DATA SHOWN:
────────────────────

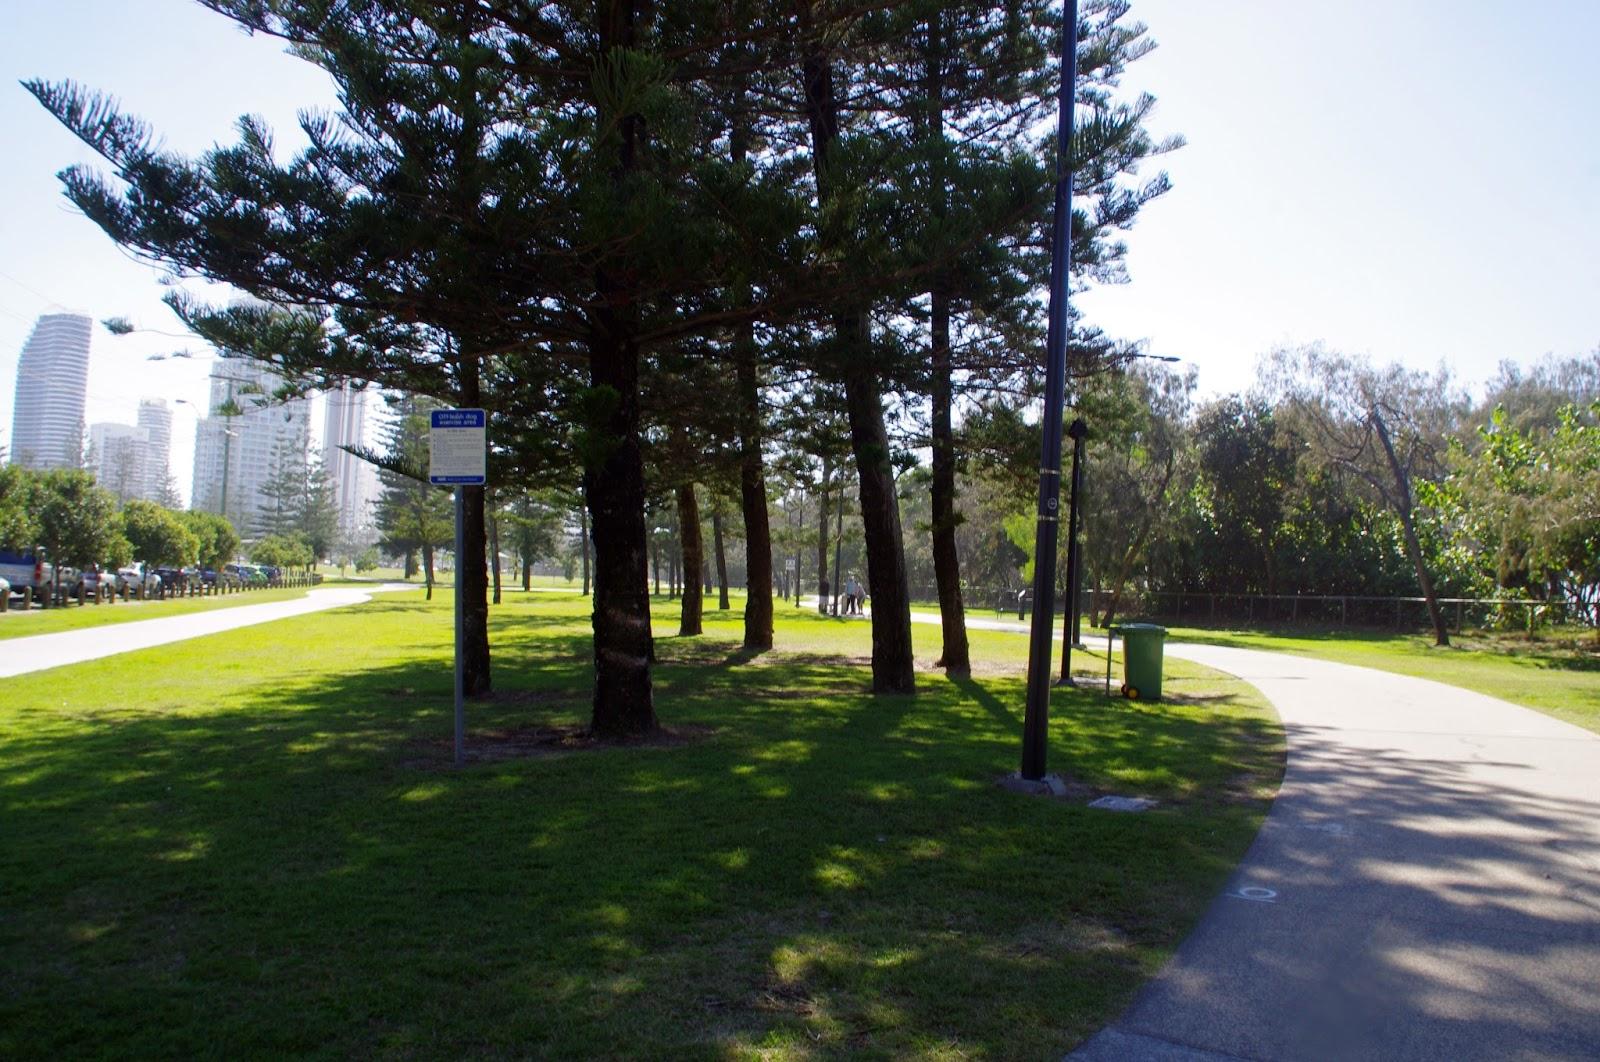 Broadbeach Walkway
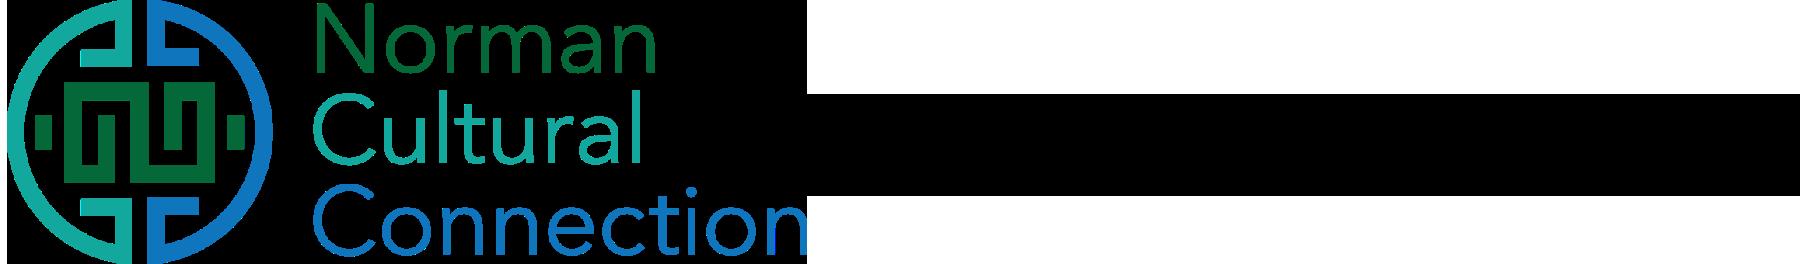 Norman Cultural Connection Logo
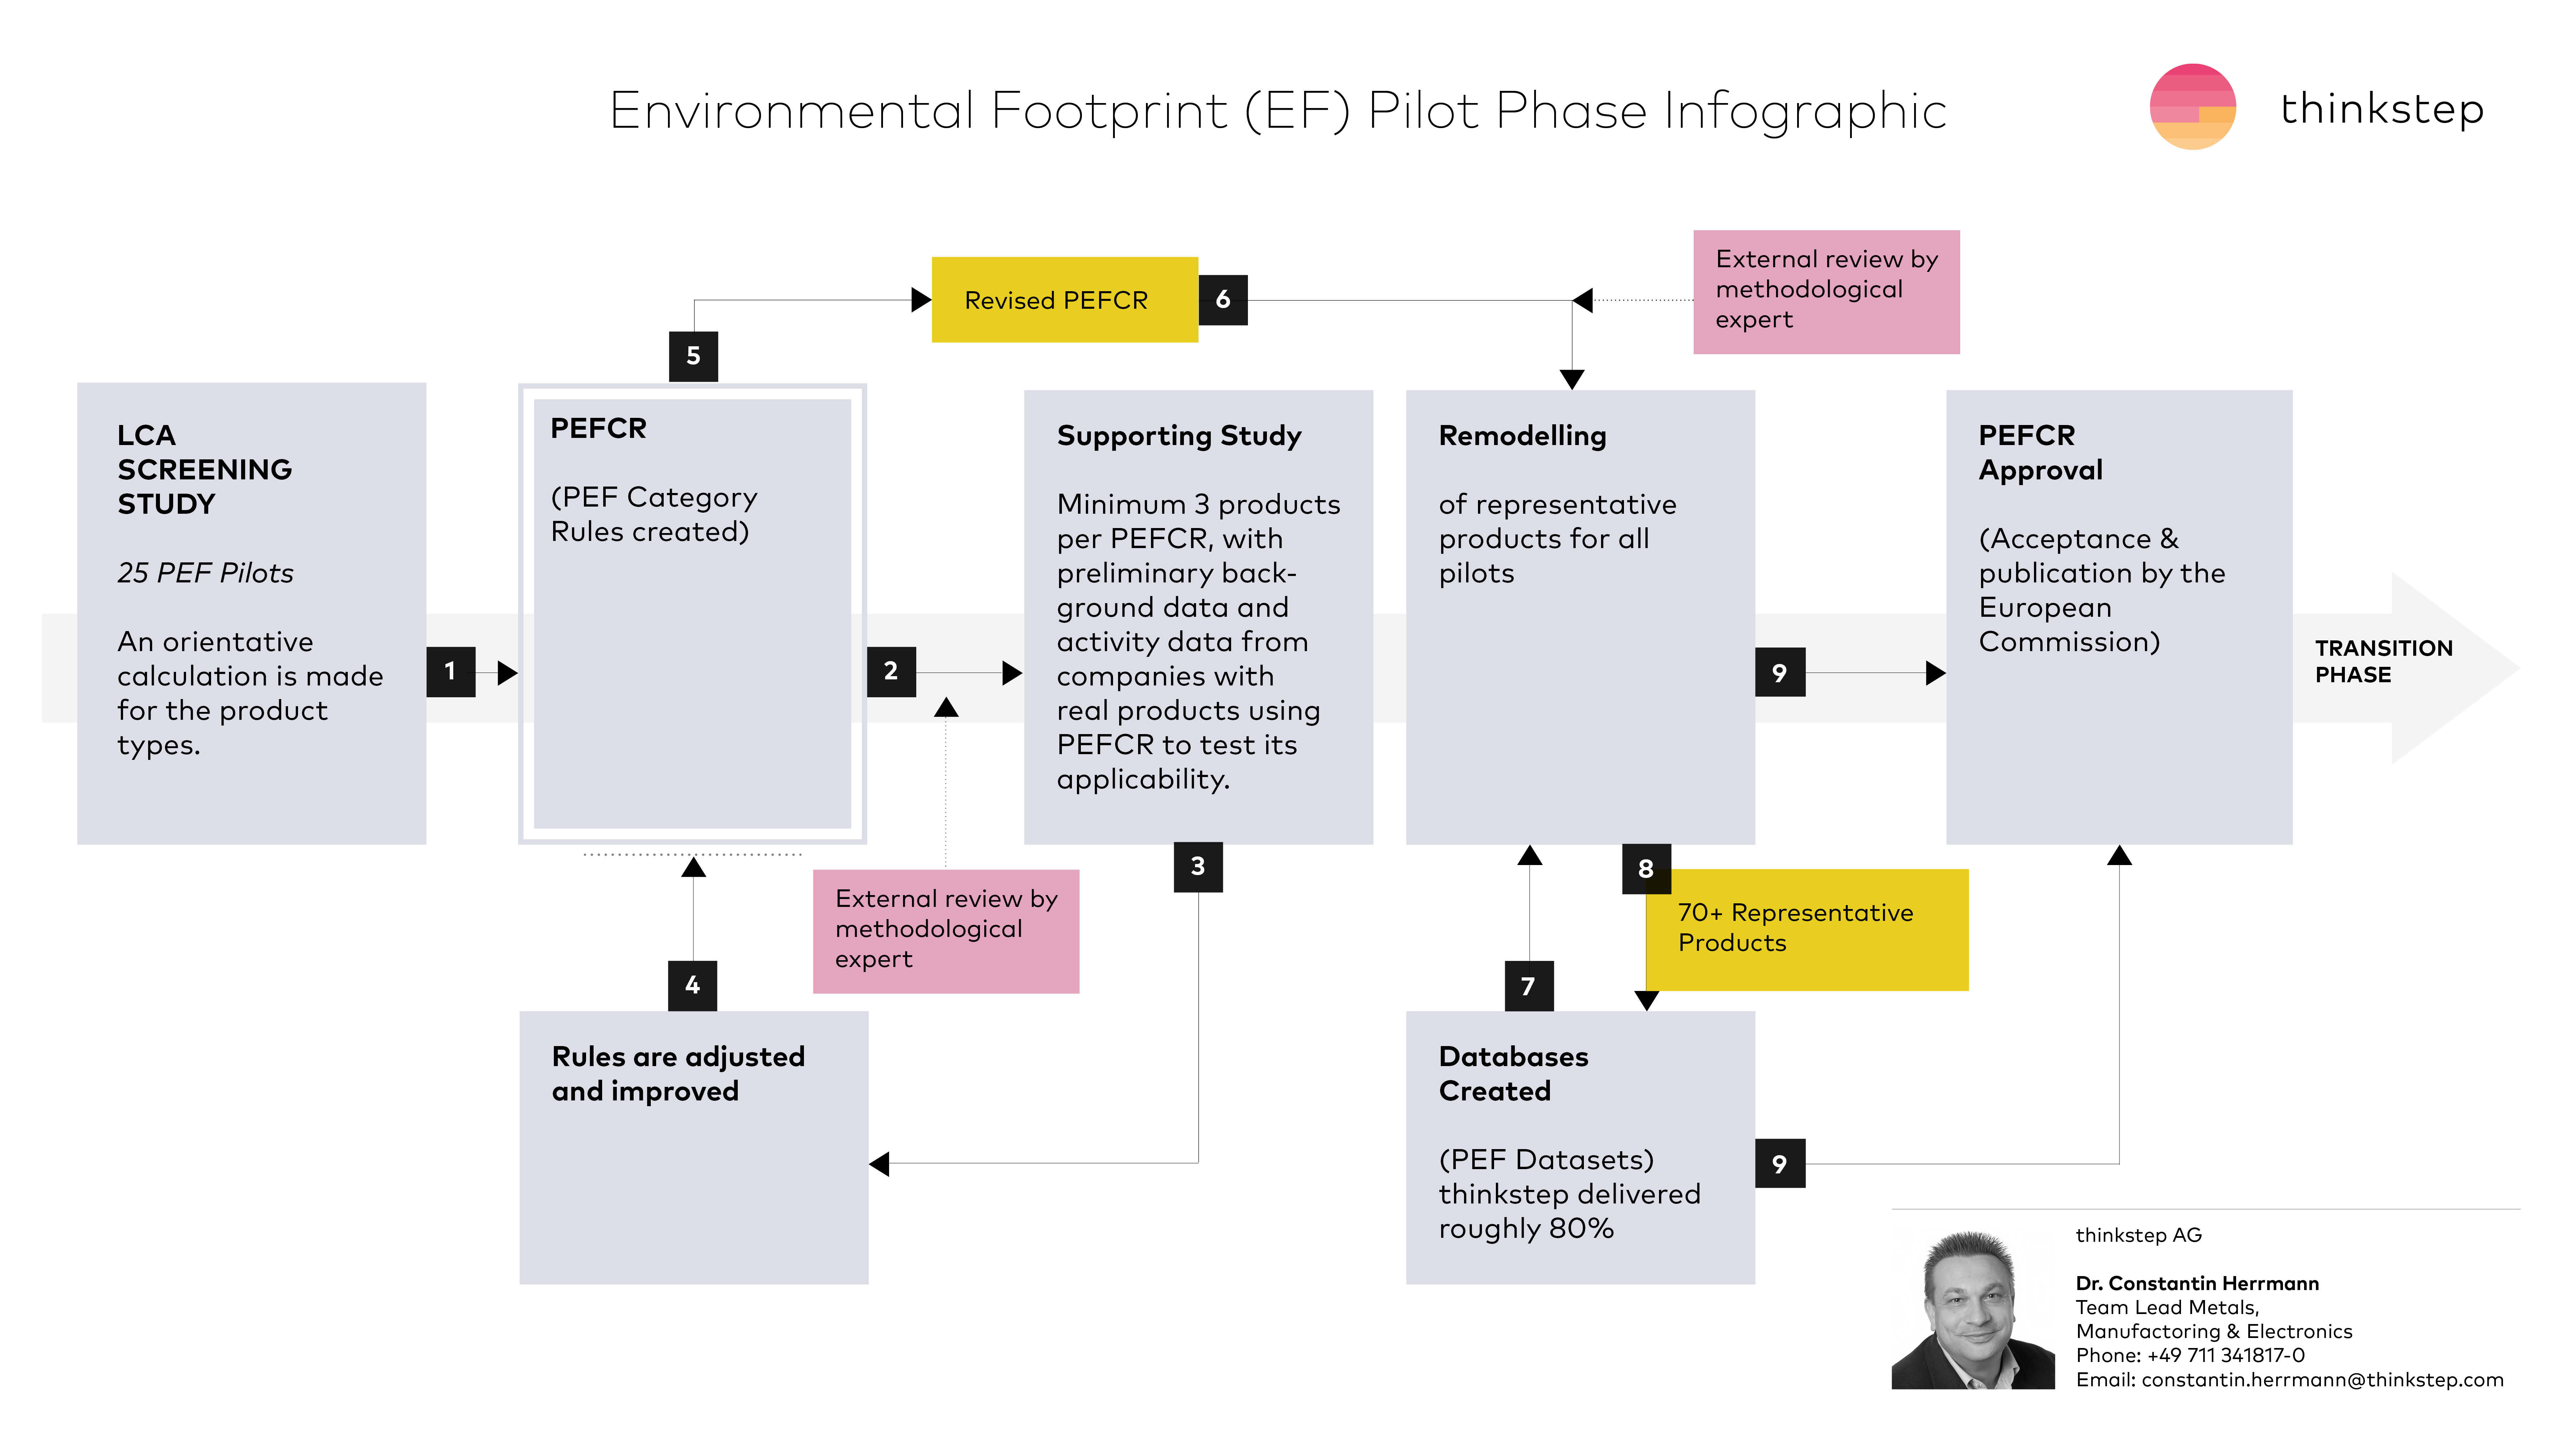 PEF pilot phase infographic

────────────────────

WHAT IS NEEDED:
Print the listing again exactly as it appears, except for the pictures, which stay out.

OUTPUT OF THE EXERCISE:
 Broadbeach Walkway
 Norman Cultural Connection Logo
 PEF pilot phase infographic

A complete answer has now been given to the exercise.